6.2. Sirkuit Motivasi-Drive
Beberapa area korteks prefrontal, termasuk OFC dan CG, telah terlibat dalam motivasi konsumsi makanan [146] Abnormalitas di wilayah ini dapat meningkatkan perilaku makan yang bergantung pada kepekaan terhadap hadiah dan / atau kebiasaan yang dimiliki subjek. Orang gemuk menunjukkan peningkatan aktivasi daerah prefrontal setelah terpapar makan [101] Selain itu, mereka juga menanggapi isyarat makanan dengan aktivasi korteks prefrontal medial dan mengidam [49] Sucrose juga menggairahkan OFC, sebuah wilayah yang bertanggung jawab untuk "mencetak" nilai hadiah makanan atau stimulus lain, lebih pada pasien obesitas dibandingkan dengan kontrol lean. Abnormalitas struktural OFC, yang mungkin mempengaruhi pemrosesan hadiah dan mekanisme pengaturan diri, mungkin memainkan peran penting dalam pesta makan gangguan dan bulimia nervosa [147] Tidak mengherankan, perilaku makan yang menyimpang dapat berbagi regulasi sirkuit saraf umum dengan kecanduan narkoba. Misalnya, Volkow et al. [148] mengusulkan bahwa pajanan terhadap obat atau rangsangan terkait obat dalam keadaan penarikan mengaktifkan kembali OFC dan menghasilkan asupan obat kompulsif.
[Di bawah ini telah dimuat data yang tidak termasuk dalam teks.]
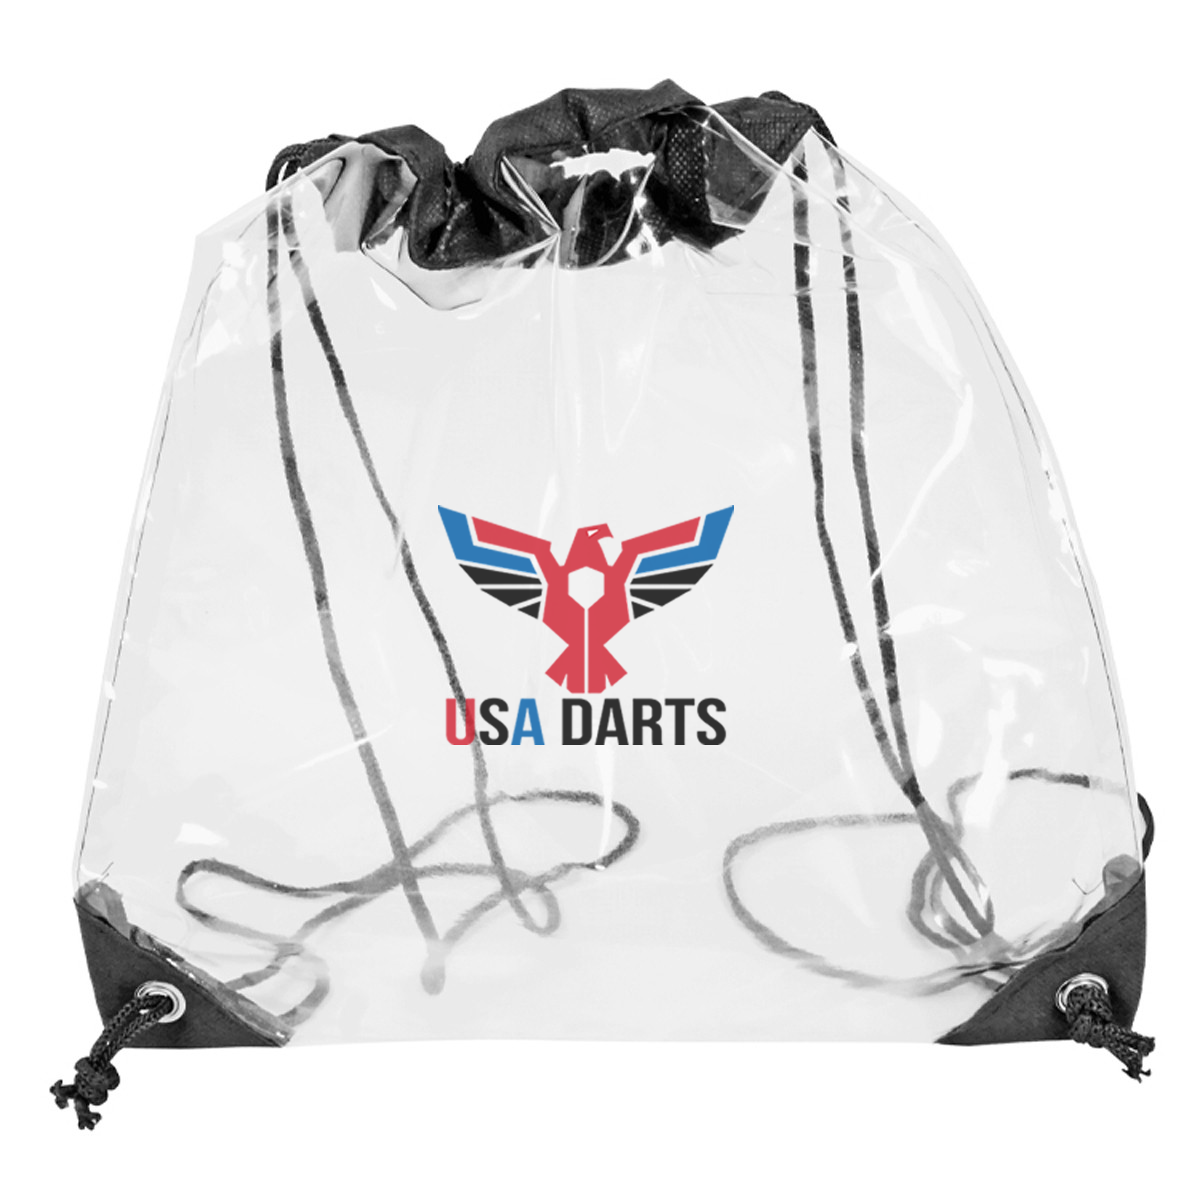 USA Darts Clear Stadium Drawstring Bag
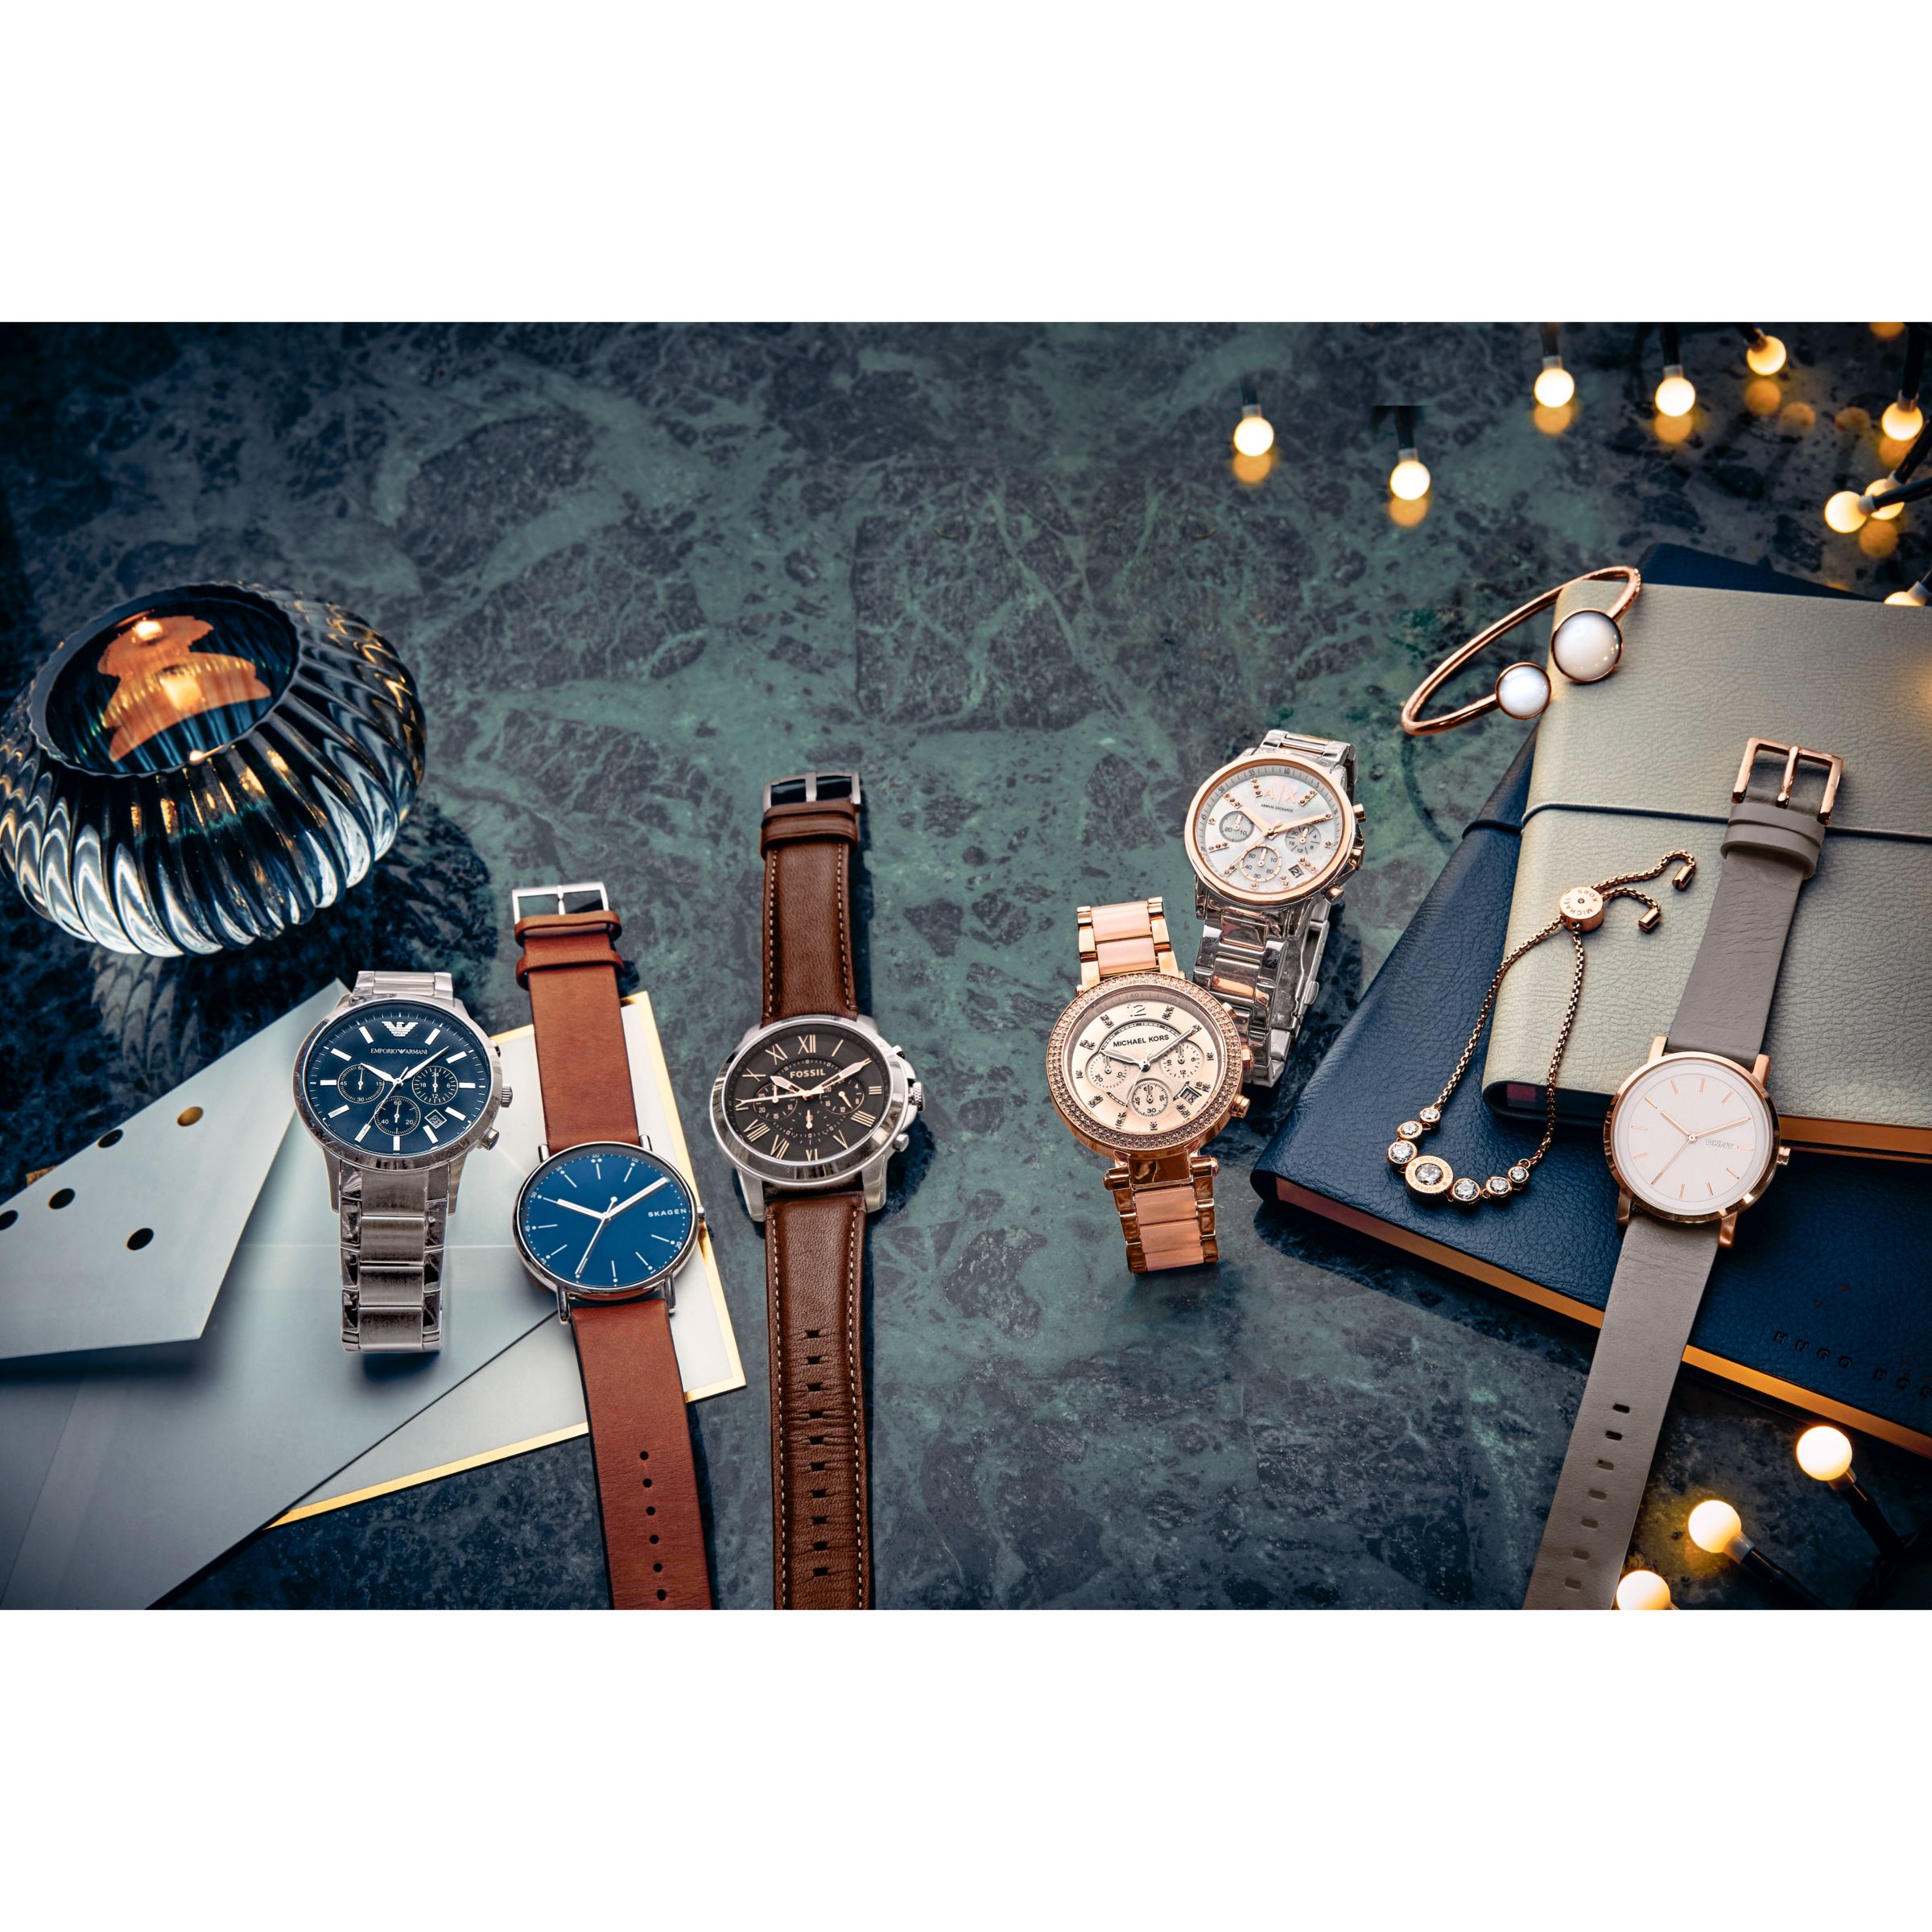 Buy Emporio Armani Men's Date Chronograph Bracelet Strap Watch Online at johnlewis.com

Hasil serupa tentang OFC dicatat dalam penelitian terpisah. Bukti lebih lanjut menyoroti pengaruh OFC pada gangguan kompulsif [149] Misalnya, kerusakan OFC mengarah pada dorongan perilaku untuk mendapatkan hadiah bahkan ketika itu tidak lagi memperkuat [149] Ini konsisten dengan laporan dari para pecandu narkoba yang mengklaim bahwa begitu mereka mulai menggunakan obat mereka tidak dapat berhenti, bahkan ketika obat itu tidak lagi menyenangkan [98].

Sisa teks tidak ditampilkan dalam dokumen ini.